НЕТ ВЫШЕ УЗ, ЧЕМ УЗЫ ЕСТЕСТВА

К 80-летию Геннадия Русакова

Рубрика в газете: Спасительное слово, № 2018 / 30, 10.08.2018, автор: Михаил КИЛЬДЯШОВ (Оренбург)

Одиночество – удел каждого поэта. Покинут он всеми? Или не понят? Или бежит от «забот суетного света», смирившись с тем, что «моё единое отечество – моя пустынная душа»? Пути слова неисповедимы. На этих путях поэт должен остаться один на один с образом, звуком, мгновением, отсечь всё постороннее, наносное, гадательное, посмотреть на мир и заглянуть в себя не «сквозь тусклое стекло», а всевидящим оком. И когда из такого одиночества рождается строка, «холодная пустыня воды» или «гроб уединённый» становятся «всемирной отзывчивостью».

 

Геннадий РУСАКОВ

 

Но есть иное одиночество, на которое поэта обрекает не творчество, а жизнь – лихая година и горькая судьбина. Когда весь твой род вырубают, как лозу плодную. Это уже сиротство, сравнимое с библейским одиночеством первого Человека после грехопадения.
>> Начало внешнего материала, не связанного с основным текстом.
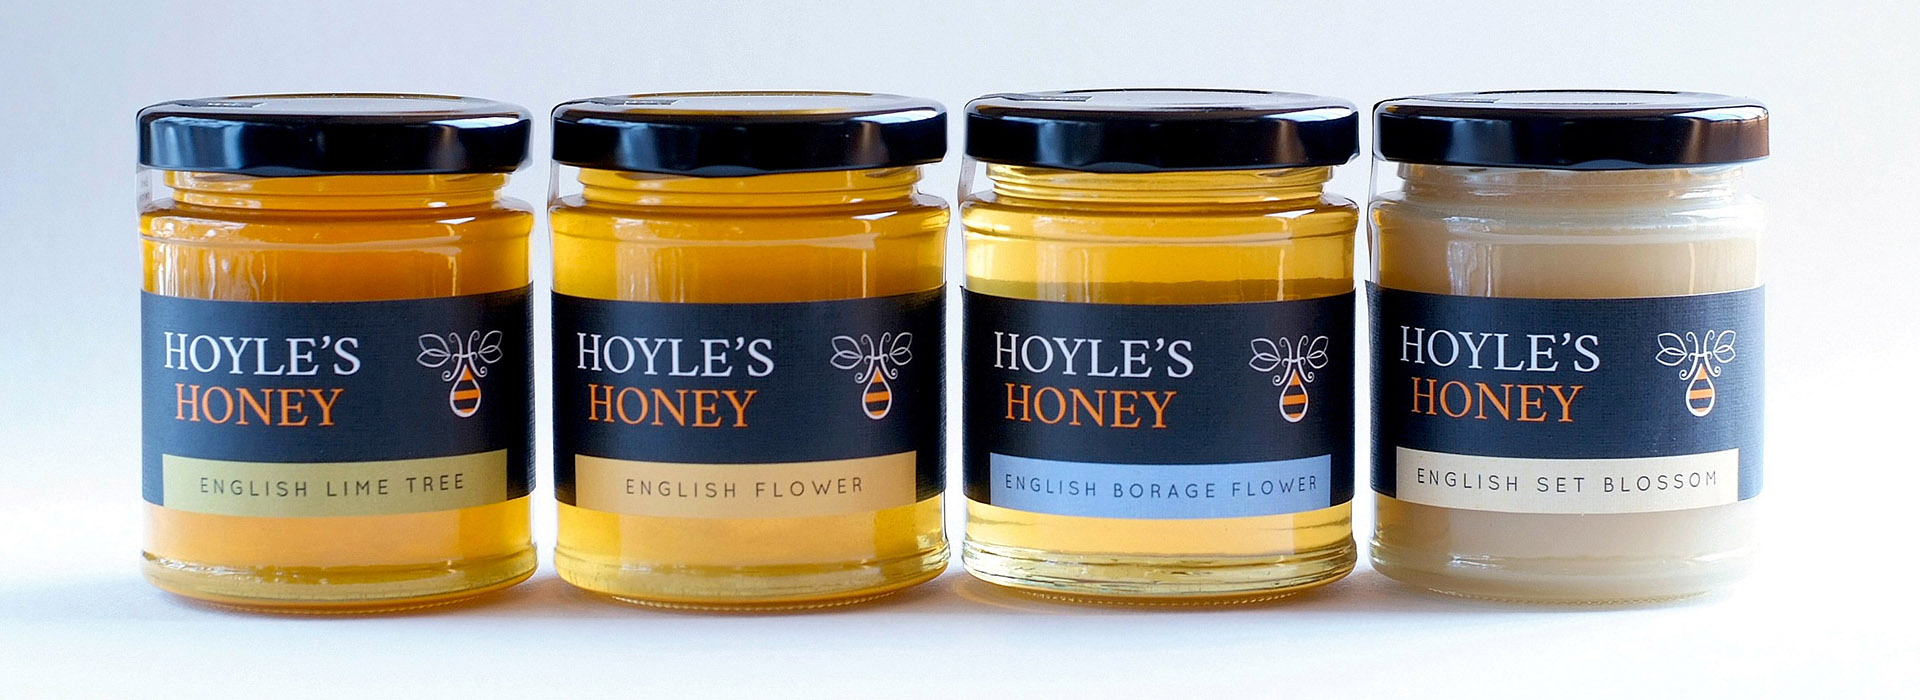 Hoyle's Honey
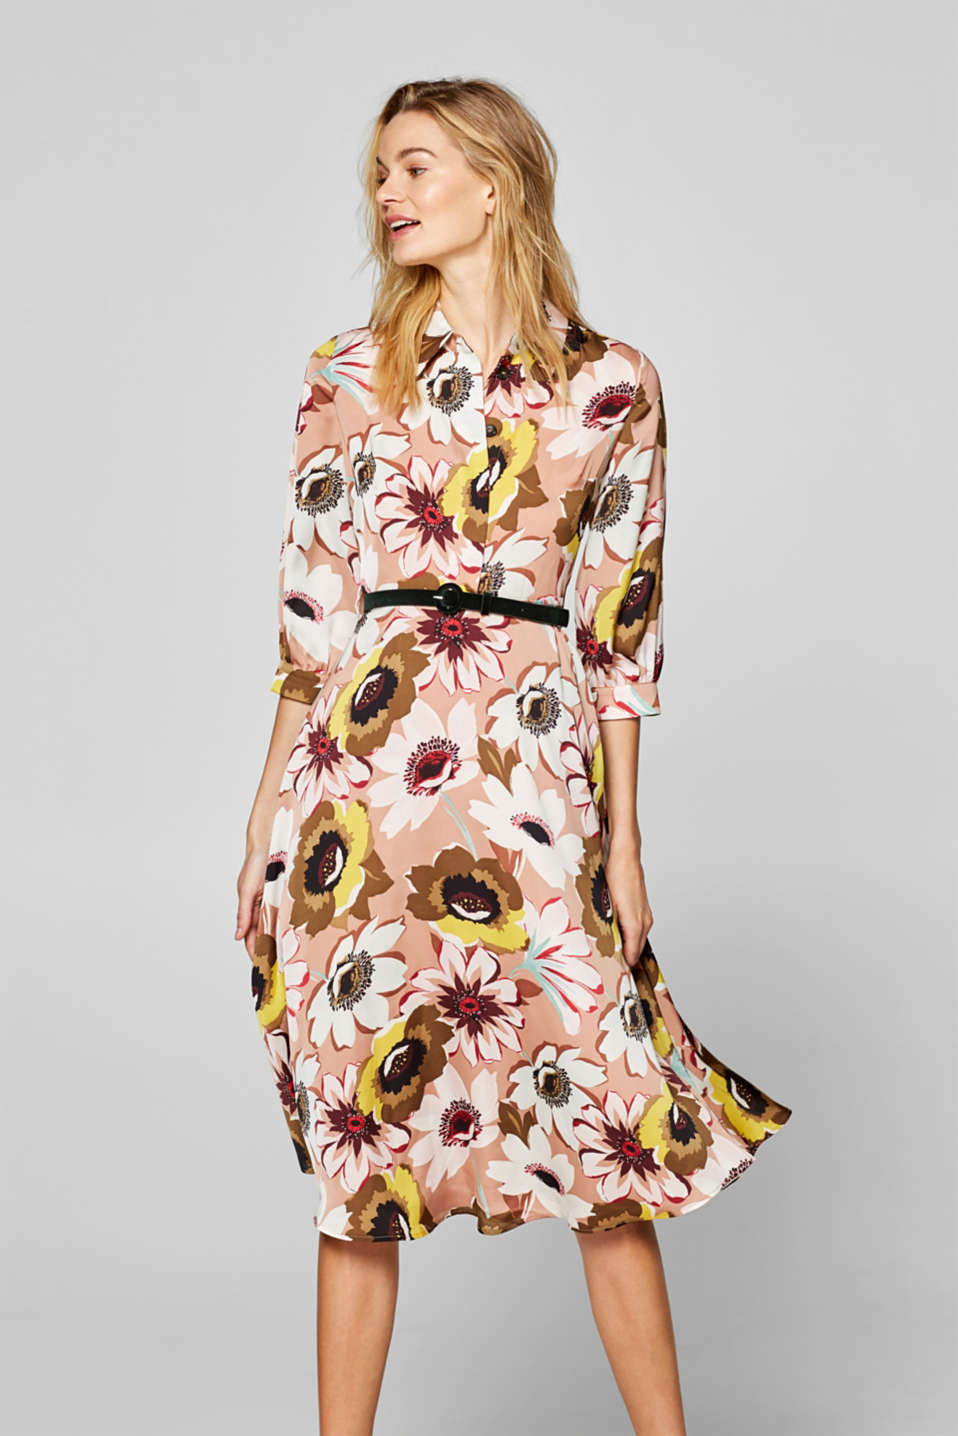 Esprit - Shirt dress with a floral print and belt

И не понятно, кто кого вопрошает в огромном бесприютном мире: «Где ты?». То ли покинутый потомок выкликает уцелевшего предка, то ли предок из инобытия взывает к выжившему ростку, уповая на то, что род на грешной земле продолжится, пробьётся сквозь каменья неплодной почвы:

 

Сладко мне пожилось-попилось,

голытьбе, продолжателю рода,

на железной земле поспалось

под присмотром большого народа!

 

Русаковы, скупая родня!

Отзовитесь – охрипну от воя:

«Кто-нибудь отыщите меня

в детприёмнике под Лозовою!

 

Я от плача осип в детдомах,

я в раздаточных пайки ворую.

У, как скудно в моих закромах –

я гнилыми жмыхами пирую.

 

Кто я вам – пятиюродный брат?

однокровник по ветке убогой?

Тридцать лет и три года назад

отыщите меня, ради бога!»

 

Тем не нужно – молчат, ни гугу.

Из могил не услышат другие.

Сколько жил, а теперь не могу –

дорогие мои, дорогие…

 

Где я вас растерял по земле?

Где золою родство наше стало?

Хоть ладони погрею в золе…

Опоздал – и её разметало.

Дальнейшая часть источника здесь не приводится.